Tickers in this Article: IYR, CBG, RTL, SPG, KIM, O, NNN, DDR, TCO, VNQ
While commercial real estate has bounced back nicely since the depths of the recession- broad measures of the sector like the iShares Dow Jones US Real Estate ETF (NYSE:IYR) have put up quite impressive returns- the retail sub-sector hasn’t fared as well. Driven by cost-cutting consumers and high unemployment, firms operating the shopping and strip mall space have been left behind. However, various pieces of sector data are pointing in the positive direction, things may be finally turning the corner for the retail REITs.

Rising Sales and Slowed Construction

After getting trounced during The Great Recession, the retail real estate space spent much of the last two years floundering. However, things are finally looking up for the market.

First, sales of strip malls, community power centers and other shopping destinations are beginning to grind forward. Nearly, $10 billion worth of retail property investment sales occurred during the first quarter of 2013. That’s a significant increase compared to recent quarters. This includes a 30% year-over-year increase in the sales of strip malls. Perhaps more importantly, secondary markets in hard hit areas- like Florida, Phoenix Denver- have begun to see renewed sales activity.

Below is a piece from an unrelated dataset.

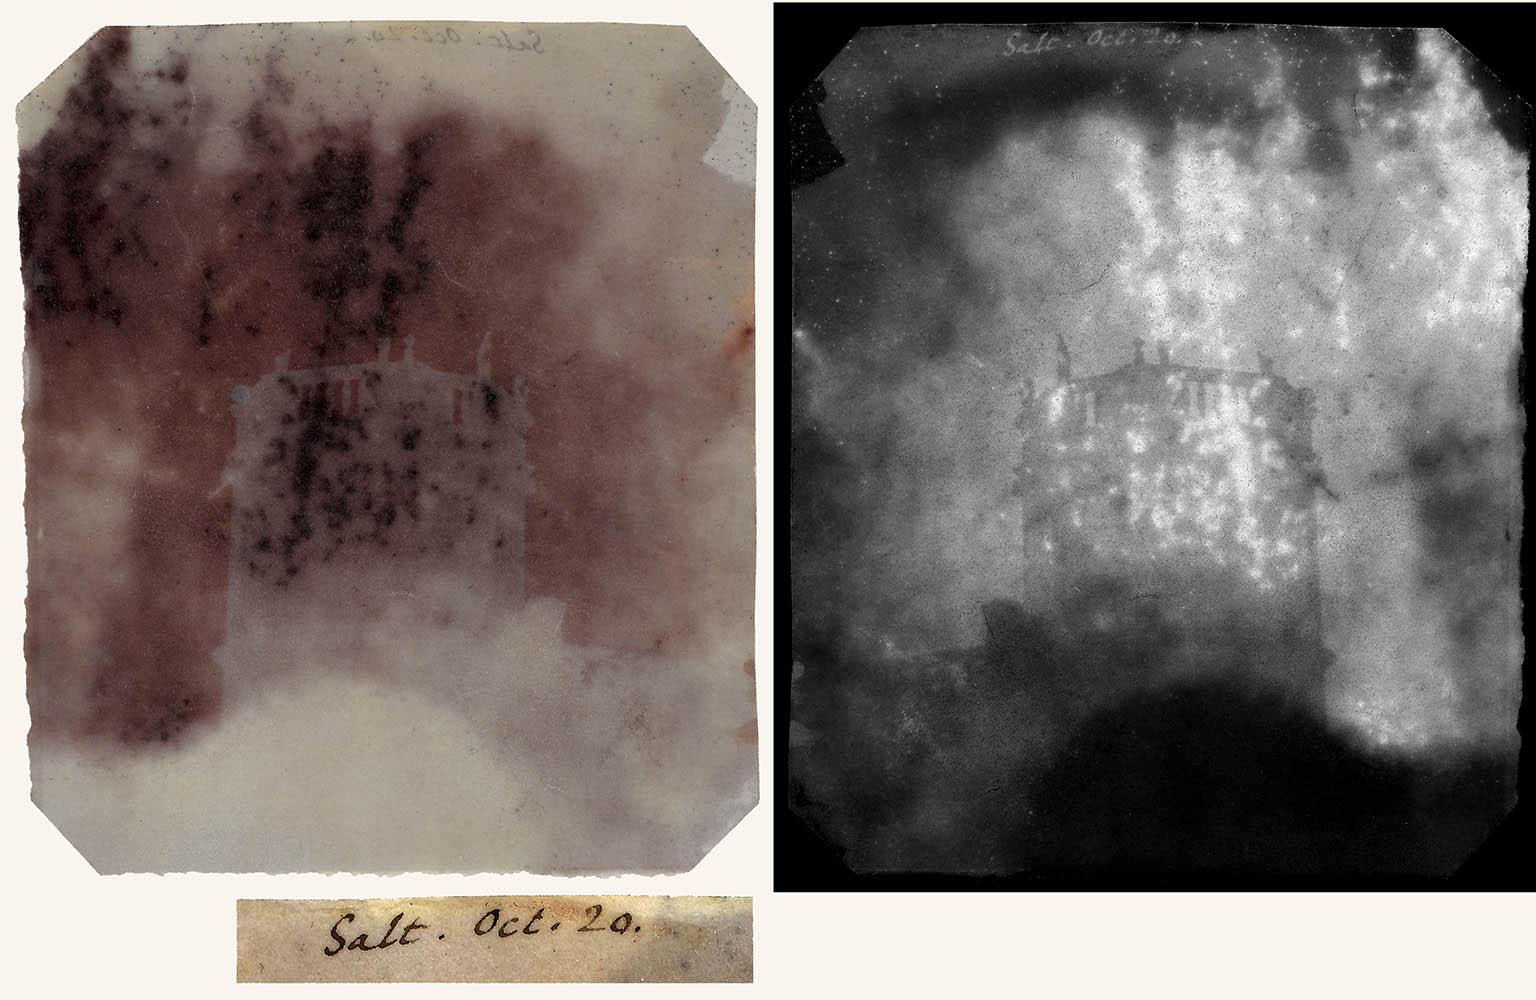 SC2308_NGC-P72-169-37

Secondly, after a torrid pace of new retail outlet construction, activity in the sector has slowed to a crawl. According to consultancy PricewaterhouseCoopers (PwC), retail remains still a speculative bet for those firms providing financing. As such, the only projects that are currently getting built are those that were started before the recession.

These increasing sales, along with a constricted construction environment is helping boost rents and returns for property owners. Recent data from real estate services giant CBRE Group (NYSE:CBG) showed that the U.S. retail market continued to improve in the second quarter as the national availability rate decreased a year-over-year basis. Overall, that key metric of available retail real estate fell to just 12.3%. That’s helped shopping mall, power centers and freestanding retail store owners realize one of the best annualized total returns of all other property types on an unlevered basis during the quarter.

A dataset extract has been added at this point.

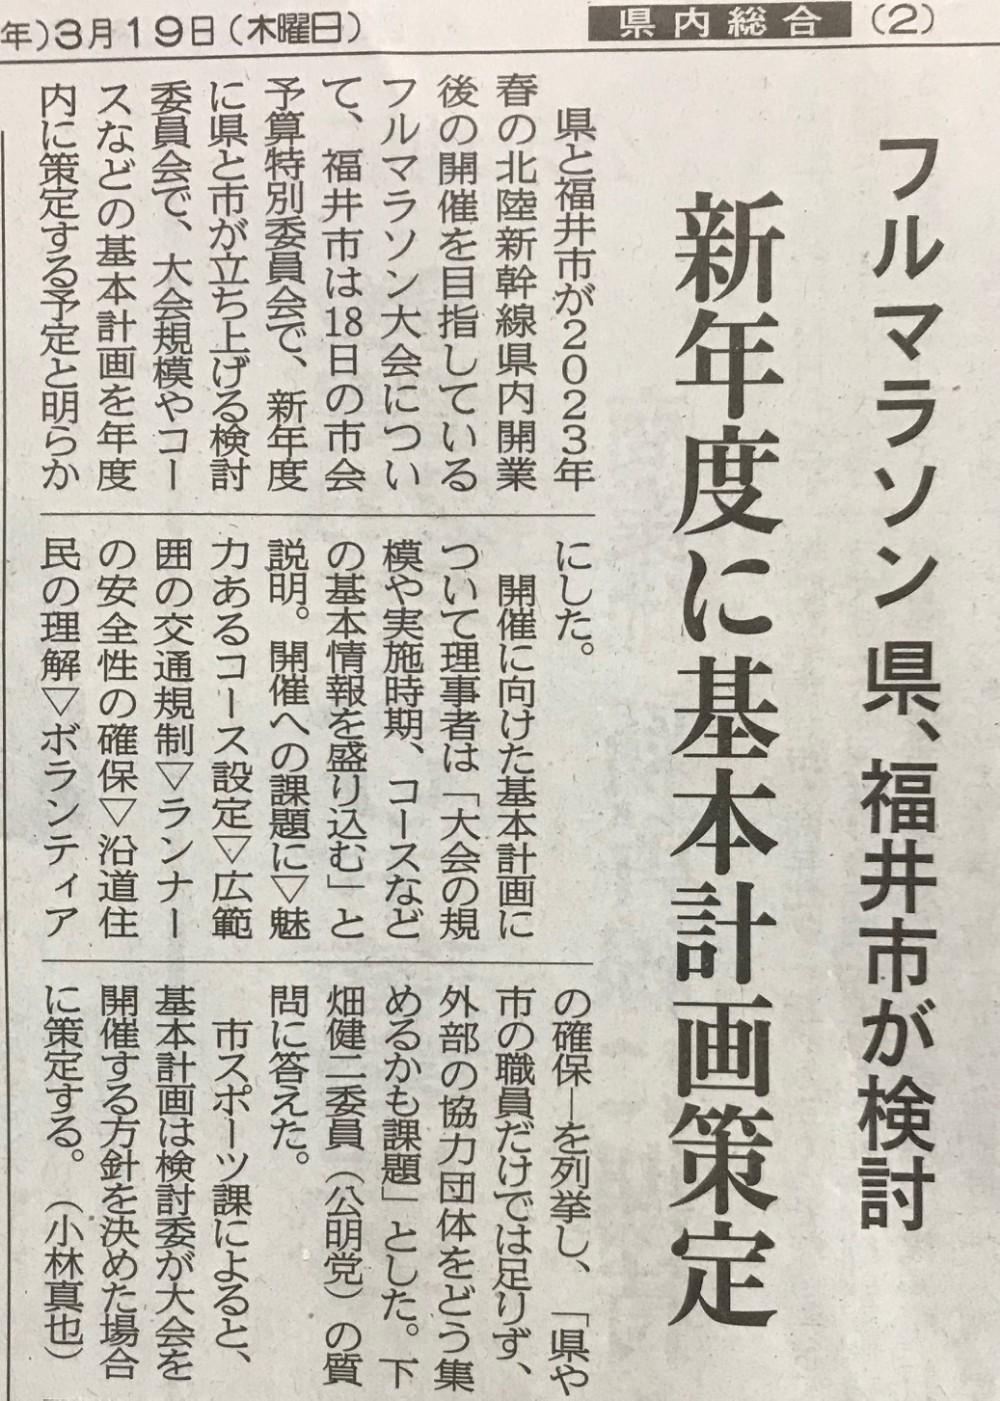 福井新聞20200318②

Yet, there’s still time for regular investors to cash in on the trend.

Buying A Power Center

Given the recent bullishness in the sector, it may be time for investors to give the retail real estate sector a go. For investors looking for a broad way to add a swath of retail commercial real estate to a portfolio, the iShares FTSE NAREIT Retail ETF (NYSE:RTL) could be a good bet. The ETF tracks 33 retail REIT heavyweights including Simon Property Group (NYSE:SPG) and Kimco Realty Corporation (NYSE: KIM). The fund yields a healthy 3.44% and only costs 0.48% in expenses. However, the main drawback to the fund is that it hardly trades. For a retail REIT-oriented portfolio, the best bets are in individual choices.

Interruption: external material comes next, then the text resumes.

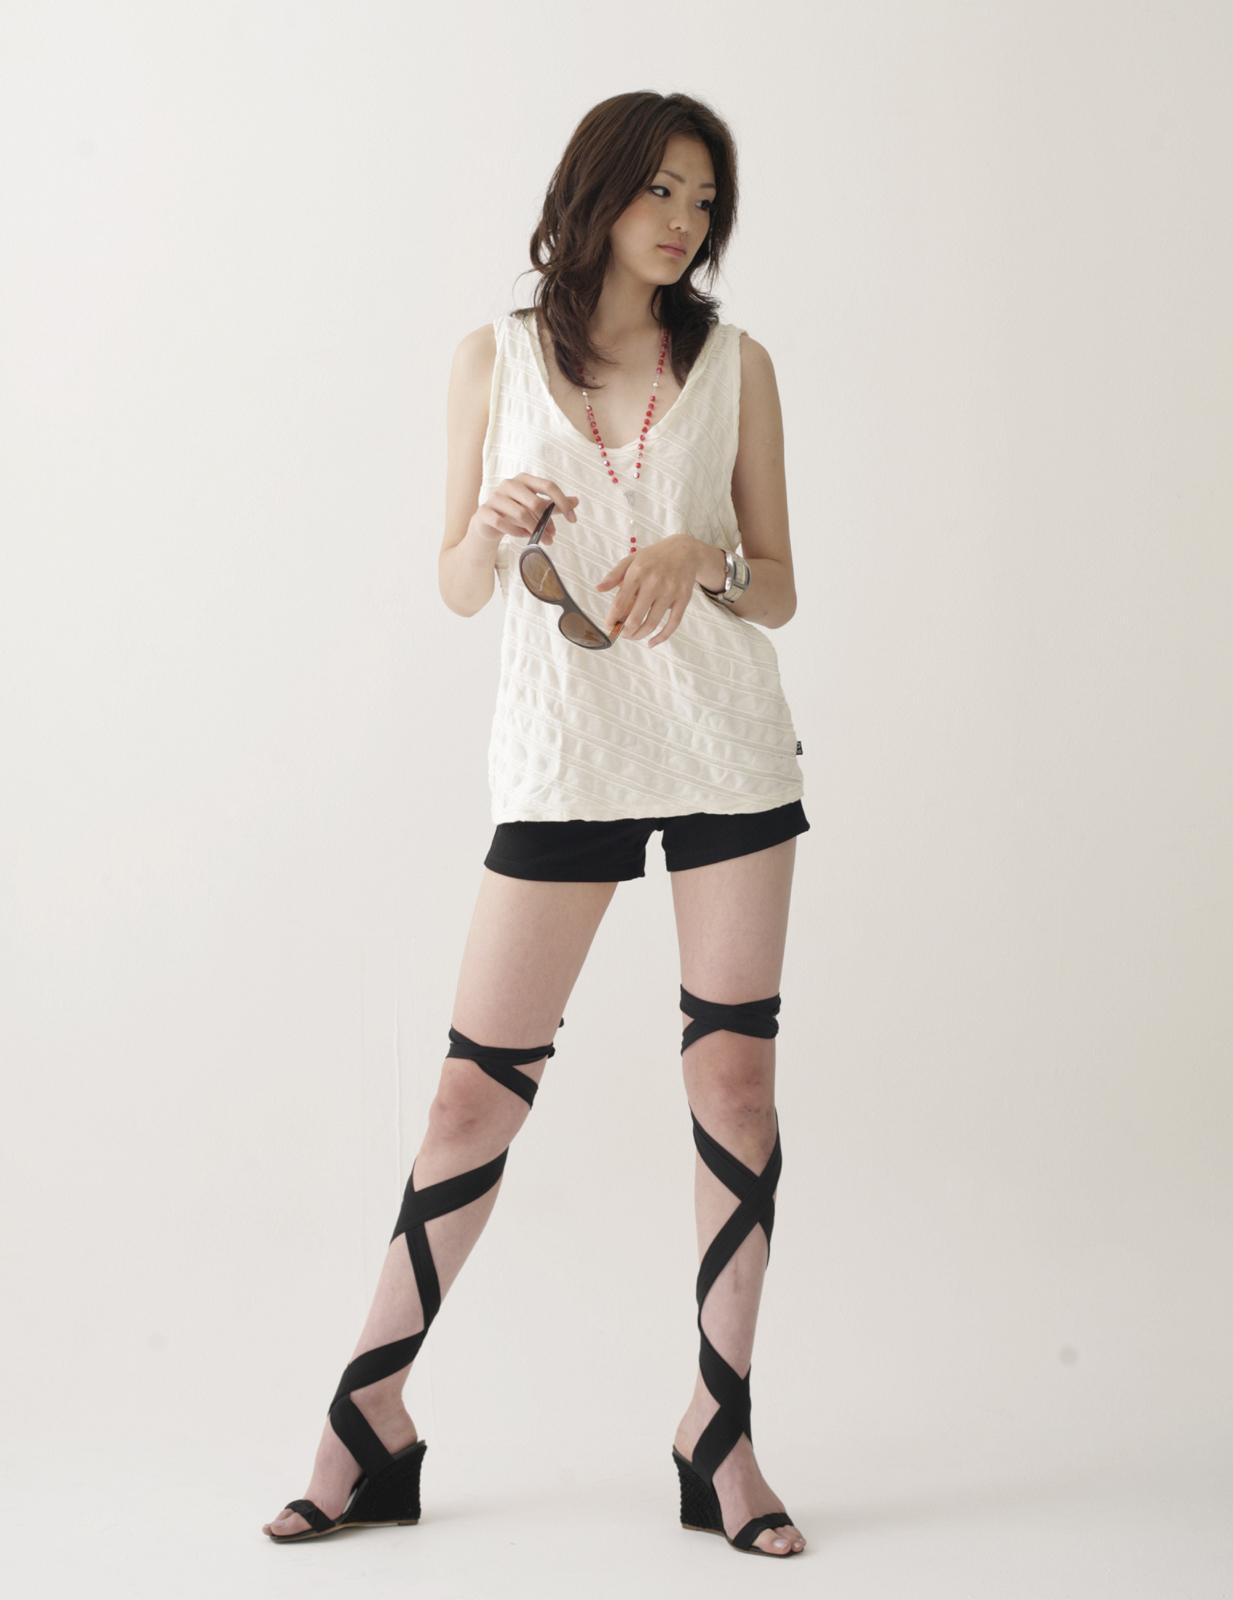 model / Yurika

Two of the best bets could be triple-net stars National Retail Properties (NYSE:NNN) and Realty Income (NYSE:O). At their core, a net lease requires the tenant to pay not just rent but also some or all of the property expenses that normally would be paid by the property owner. Both O and NNN have used this to their advantage across their enormous retail property portfolios. That’s resulted in some high dividend growth as well as high current yields. National Retail Properties currently yields 5.2%, while monthly dividend payer Realty Income yields 5.6%.

Another prime pick could be DDR (NYSE:DDR). The firm- formally known as Developers Diversified Realty- was one of the largest power center operators in the country, with assets valued at 49 billion in 2009. However, as the recession took hold, DDR faced hard times on the refinancing front and saw its stock price plummet down about $2. Since that time, the firm has refocused by selling non-core properties, paid down debt and has risen from the ashes. Shares of DDR have performed well over the last few years and shareholders have been rewarded with dividends. DDR currently yields 3.48%.

The Bottom Line

As commercial real estate rebounded from the depths of Great Recession, the retail sub-sector was left behind. However, the sector is now showing some real signs of life. For investors, it could finally be time to bet on the beleaguered strip mall and power center operators. The previous firms- along Taubman Centers (TCO) –make ideal ways to play retail real estate’s rebound.

Disclosure - At the time of writing, the author did not own shares of any company mentioned in this article.